The day it started…
A while ago I experienced that feeling I never wanted to feel again. I wasn’tcold but I was trembling. I didn’t know what triggered it, but it scares me. I crouched down, curled up like a ball in my bed, puff some air a few times to slow down my breathing. It took me maybe a couple of minutes to control myself from shaking. Told myself I’m stubborn so there’s no way I’d give in to this weakness.
I remember when I had that same odd feeling. It was years ago when I was battling to get back my self-confidence, when I was trying to get back up again when I was trying to heal on my own. Because someone said I wasn’t good enough and I heard maybe the most horrible words I had ever heard my whole life, the verbal abuse, degrading me, mocking me, etc. I trembled to it. It sucked me into a dark hole almost consuming my sanity. Thankfully I was stubborn. I refused to succumb to it.
Being betrayed by the people you loved would make you feel unwanted and undesirable. I was at my lowest, but no one knew. But that’s always the case, I always fight my battles alone. I fought so many battles that I lost count of how many have I won. Or, have I ever won once? I fought on my own until I was able to face the world again. I pretended I was alright until I got used to it. I created my (own)world, my definition of peace though I continued to live in the dark. For me, I felt safer and braver that way. I went on a motto that says, “Be weird, be bad, be whatever. But be true.” But I don’t know if I was being true to myself. Because I pretended I don’t give a damn, that I don’t get hurt anymore. I built walls around me. I became the cold-hearted bitch. Some branded me a zombie. Maybe I was. But I didn’t care.
So why am I going through this again? They’re here again, the monsters. But why can’t they leave me alone?
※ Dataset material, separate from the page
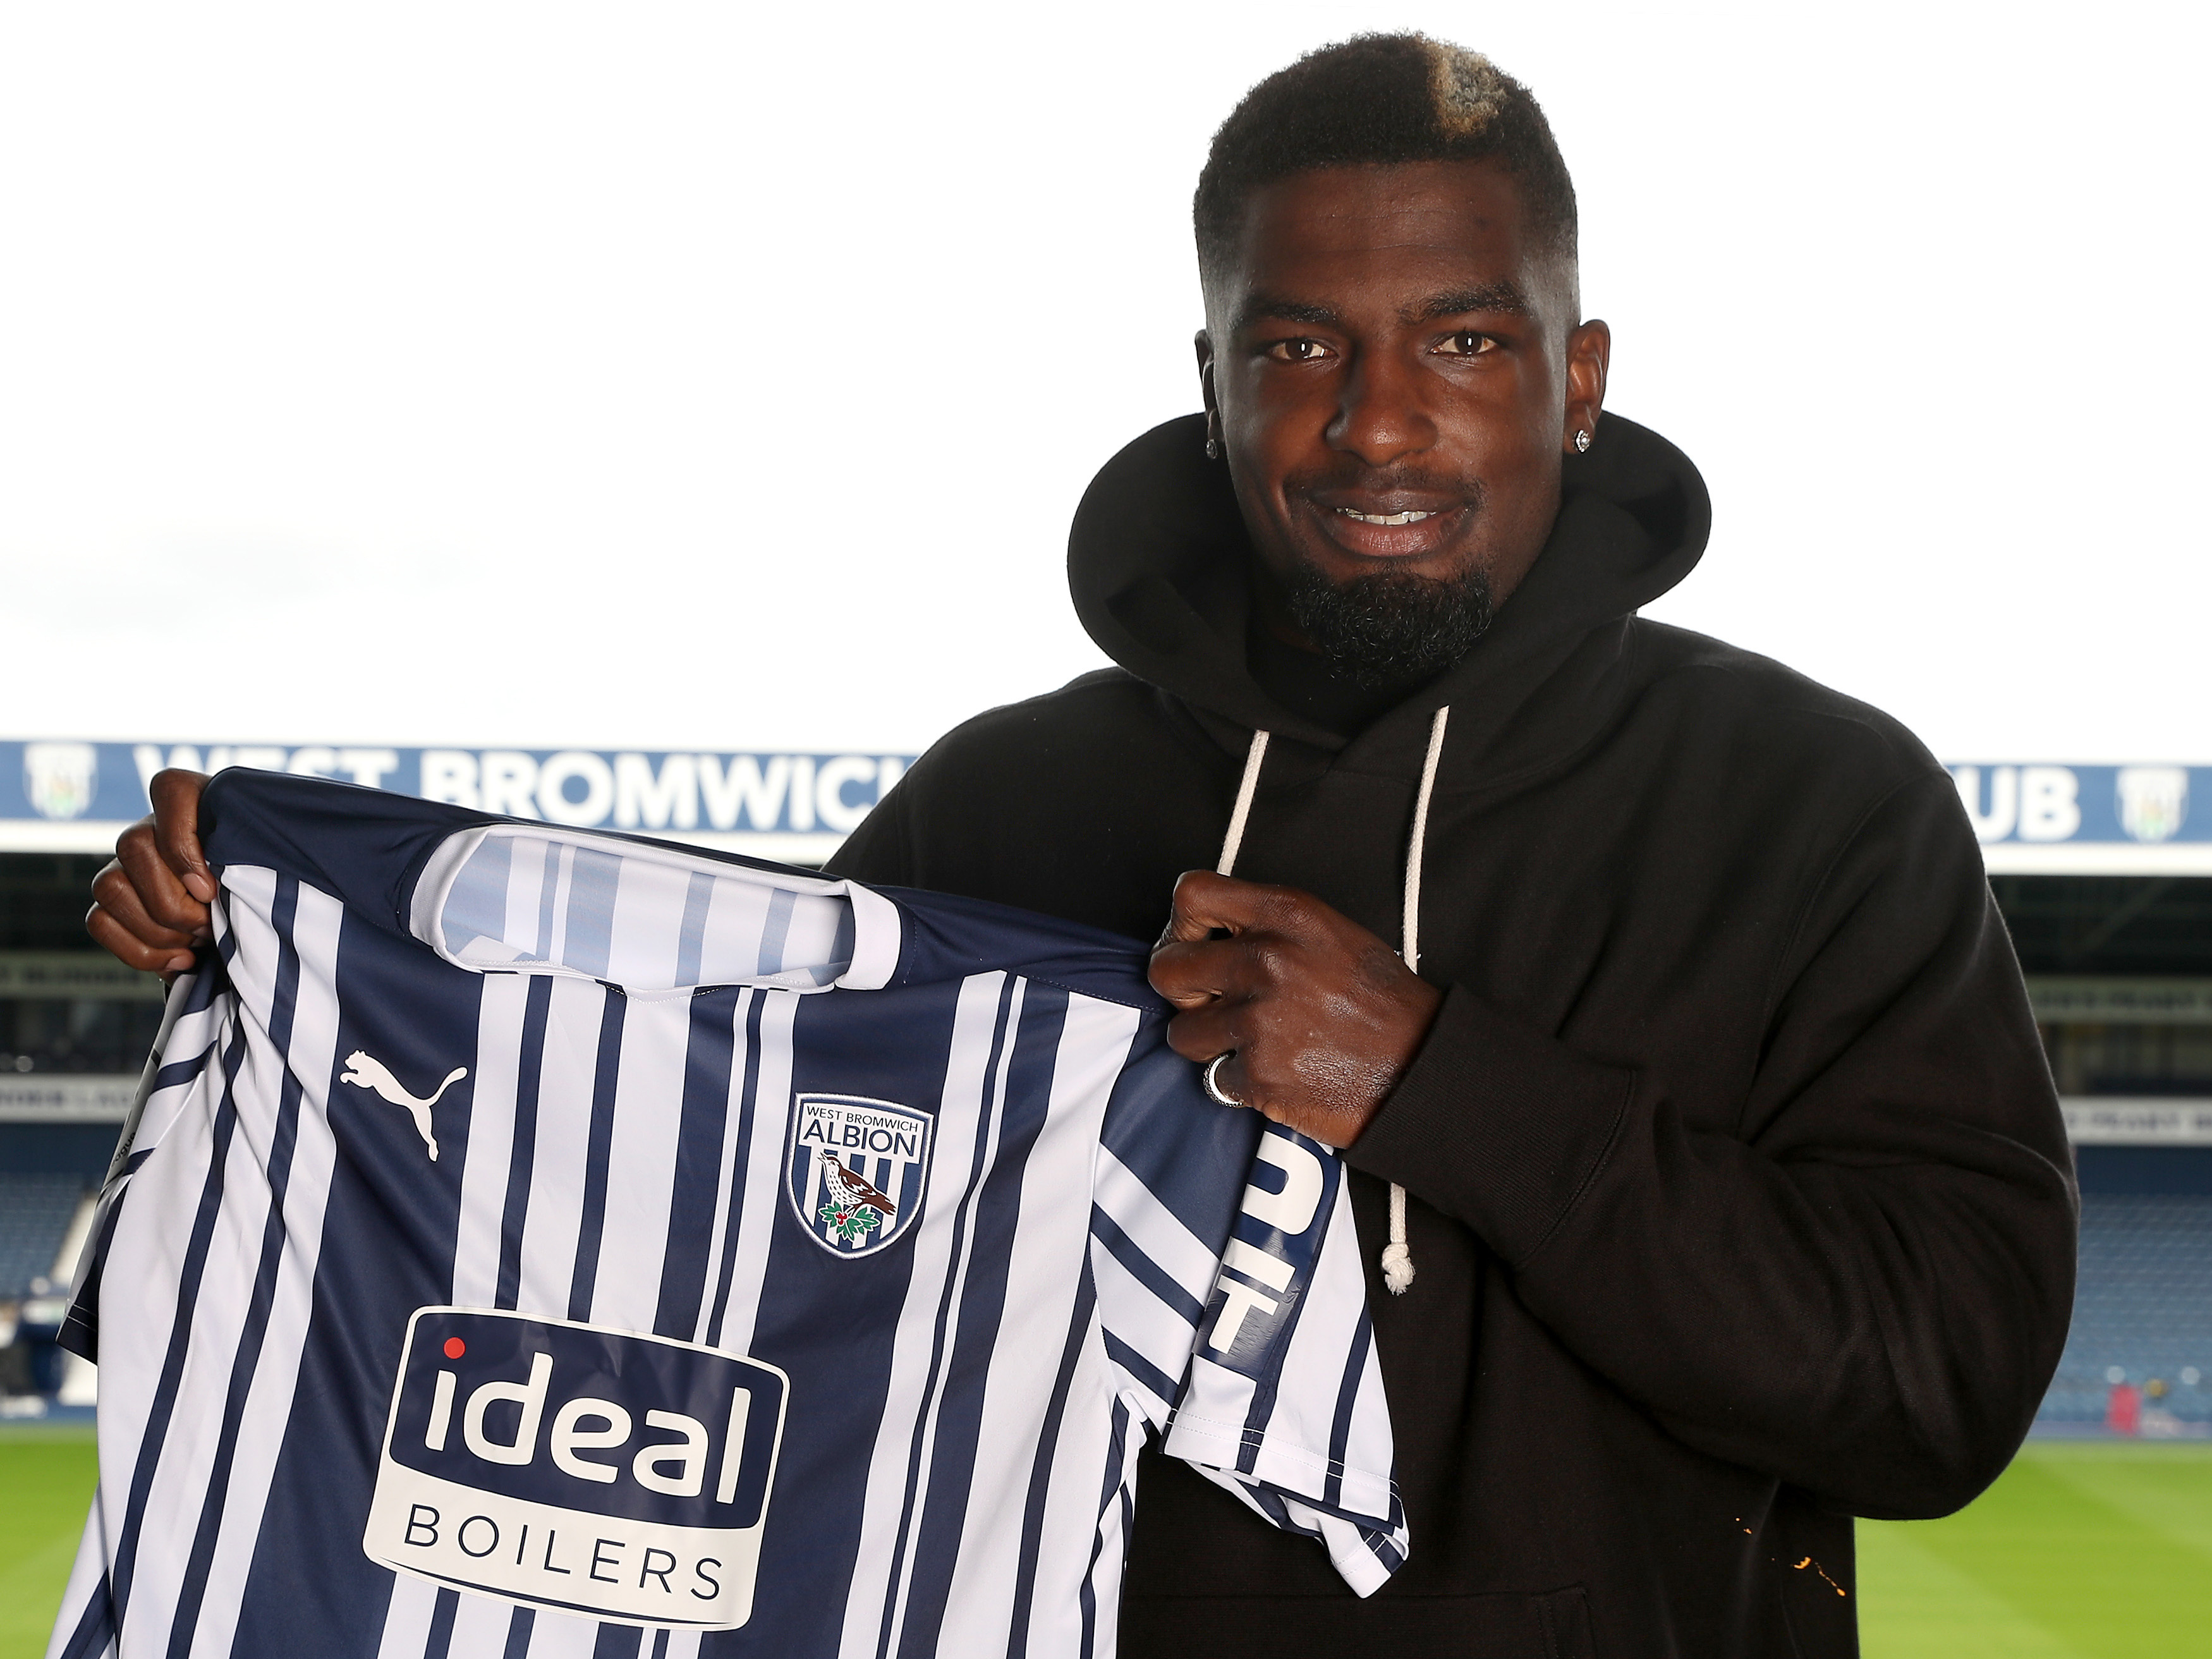 Albion have signed defender Cédric Kipré from Wigan Athletic on a four-year deal

Lately, I’ve been fighting a battle and I hope I can pull myself up from the pit that trying to drag me down. I’m exhausted so, I wanna get lost and recuperate. My courage is failing, and I need to get a hold of myself before it’s too late. I am not allowed to give up. I am not allowed to die.
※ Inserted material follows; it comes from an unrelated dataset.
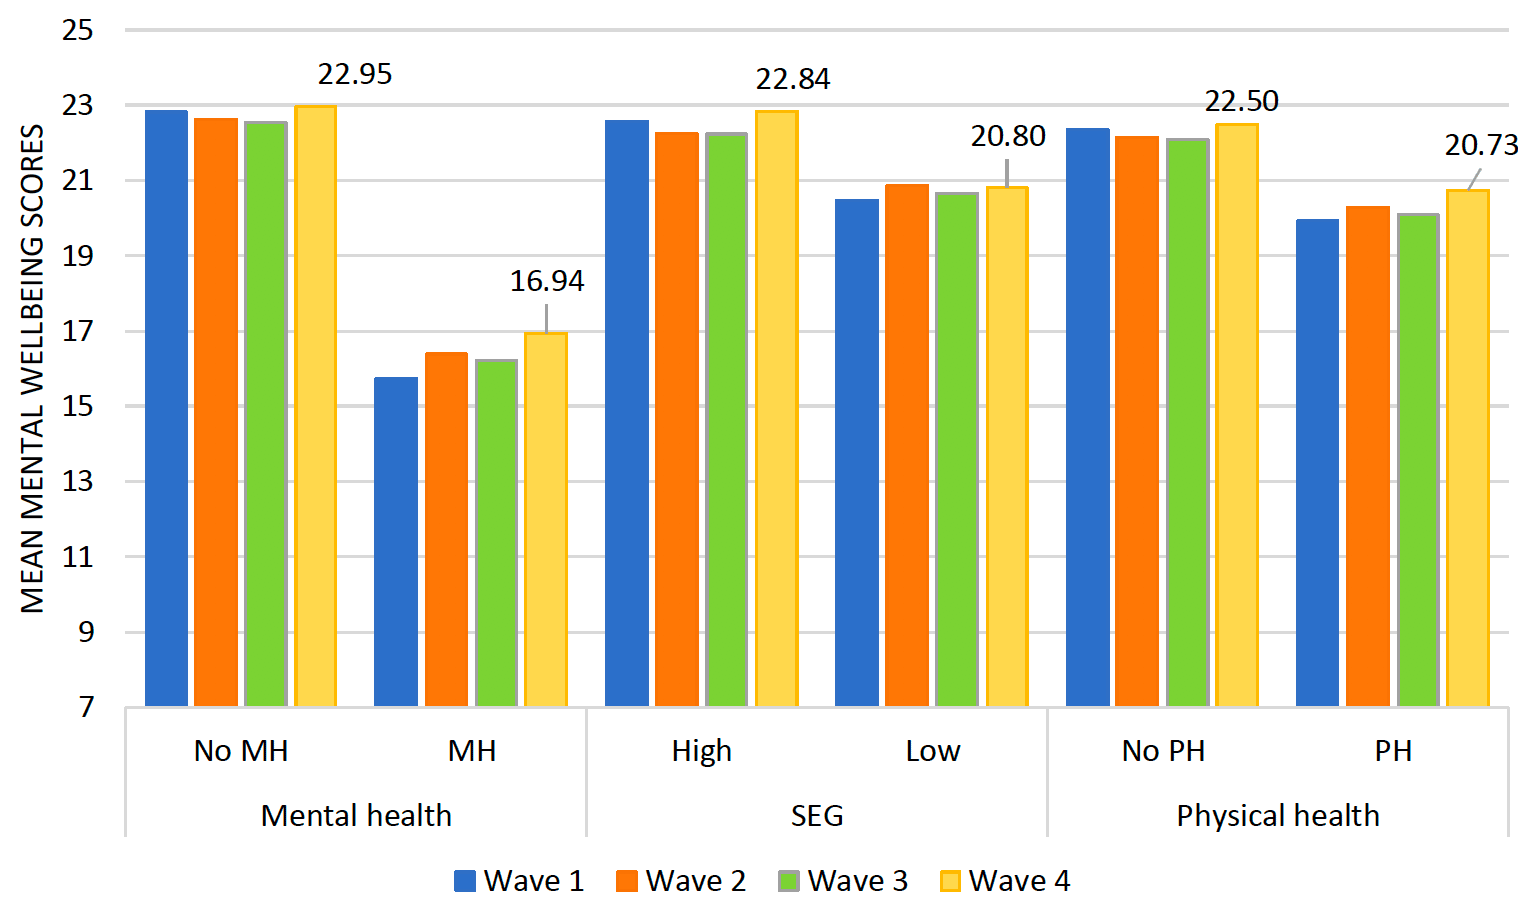 This histogram displays the mean mental wellbeing scores in all four waves. The findings are presented separately for those who did or did not report a pre-existing mental health conditions, participants of the high or low socio-economic group and those who reported or did not report a pre-existing physical health condition. The highest mean mental wellbeing scores were found for participants without a pre-existing mental health condition, which showed mean values of 22.81 at Wave 1, 22.62 at Wave 2, 22.53 at Wave 3 and 22.95 at Wave 4. Participants from a high socio-economic group had mean mental wellbeing scores of 22.58 at Wave 1, 22.25 at Wave 2, 22.22 at Wave 3 and 22.84 at Wave 4. A mean mental wellbeing score of 22.34 was found for participants without a pre-existing physical condition at Wave 1, 22.16 at Wave 2, 22.08 at Wave 3 and 22.50 at Wave 4. Participants with a pre-existing physical health condition had a mean score of 19.94 at Wave 1, 20.28 at Wave 2, 20.10 at Wave 3 and 20.73 at Wave 4. The mean mental wellbeing scores of the low socio-economic group ranged from 20.47 at Wave 1, over 20.87 at Wave 2 and 20.64 at Wave 3 to 20.80 at Wave 4. Finally, the lowest mean mental wellbeing scores were identified for participants with a pre-existing mental health condition. At Wave 1, the mean score was identified as 15.74, at Wave 2 it was 16.37, at Wave 3 16.21 and at Wave 4 16.94.

As I’m writing this letter, my heart is beating fast while listening to a meditation song. In the meantime, I’ll try to find refuge somewhere. Away from here. And come back soon. While doing so, I’ll write more, maybe take pictures of my stuff, eat, work, and live (hopefully). I can’t give up. I can’t give in to anxiety and depression.
20 February 2022
I want to disappear…
I stayed inside my room. As much as possible I didn’t want to go out. I stayed inside listening to meditations, typing something on my laptop, or watching movies until I get tired. But I avoided social media. No Instagram. No Twitter. No Facebook. I want to stay disconnected. For a while.
But my family doesn’t know. Nobody knows that something was eating me up inside.
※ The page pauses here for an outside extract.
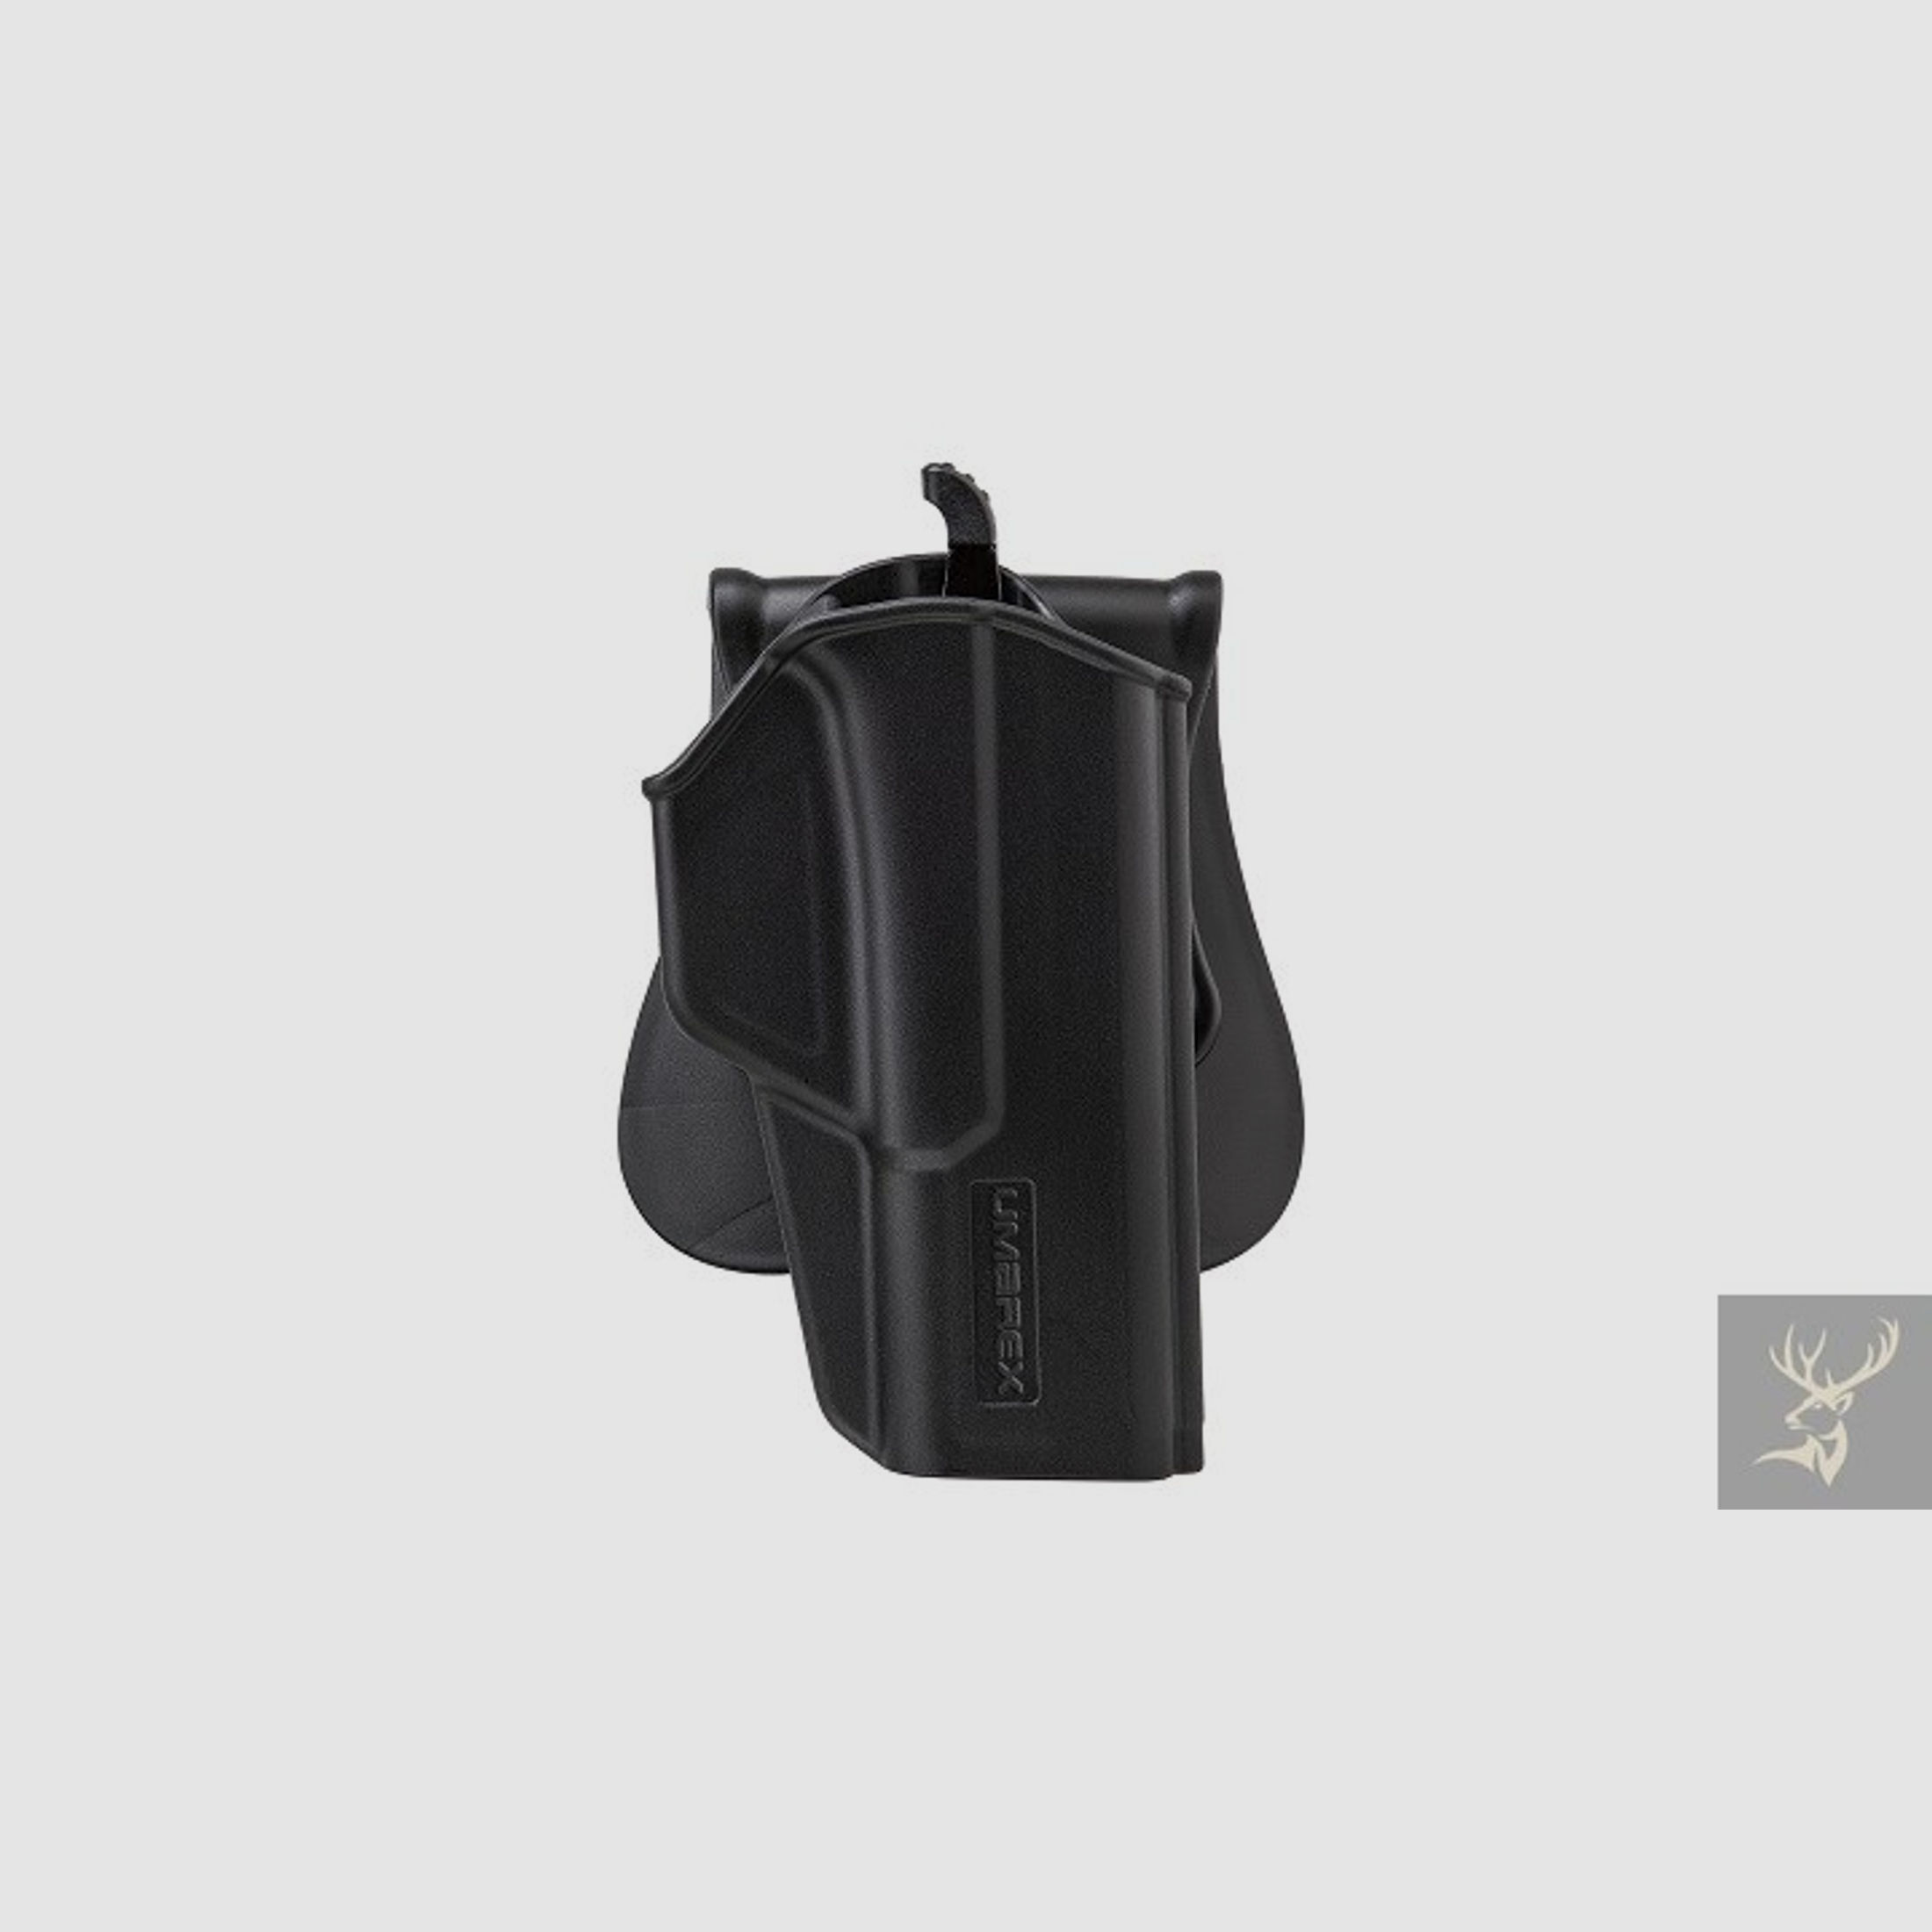 Umarex Paddle Holster f. Glock 17 inkl. Release Button

In the morning, I wrote the open letter because I was suffocating. Emotions were overwhelming I wanted to let them out and writing is the only way I know to vent out everything. But it was still not enough. Maybe it was near noon that I wrote something about a dream. Of waking up and being chased by monsters on a stormy evening. I think I’ve finished it. And I want to look for a picture that fits so I can upload it sometime.
Honestly, I don’t know where this process will lead me. But I’m hoping to come out triumphant. I know I must be strong. I can’t give up. Nobody can save me. Nobody will but myself. I’ve been through this so many times before without anybody by my side. Thus, I still can make it. This has to work.
I thought I was strong. I’m sure most people think that way. But deep inside I am crumbling. I am slowly losing. So, I need to go away. You might think I am running away but I have to save myself. I don’t care if you call me a coward. But right now, I don’t care what you think of me.
I am drowning.
Can I go to work tomorrow pretending nothing wrong is going on? Well, I did it before. I pretended I was emotionless. Maybe I can still do it this time. Fingers crossed tbh.
Later in the afternoon, I went out to buy milk for Maximus (our puppy). And I wanted to breathe some fresh air. I didn’t bring my phone and walked to the store located in the neighborhood. I was hopeful too, that it would somehow slightly clear my head.
And it was late in the evening that I realized I shouldn’t run away, that I must face my monsters and confront them. I am tired of running away, anyway. I realized I have my family, my son, and the people who love me. They would understand and support me.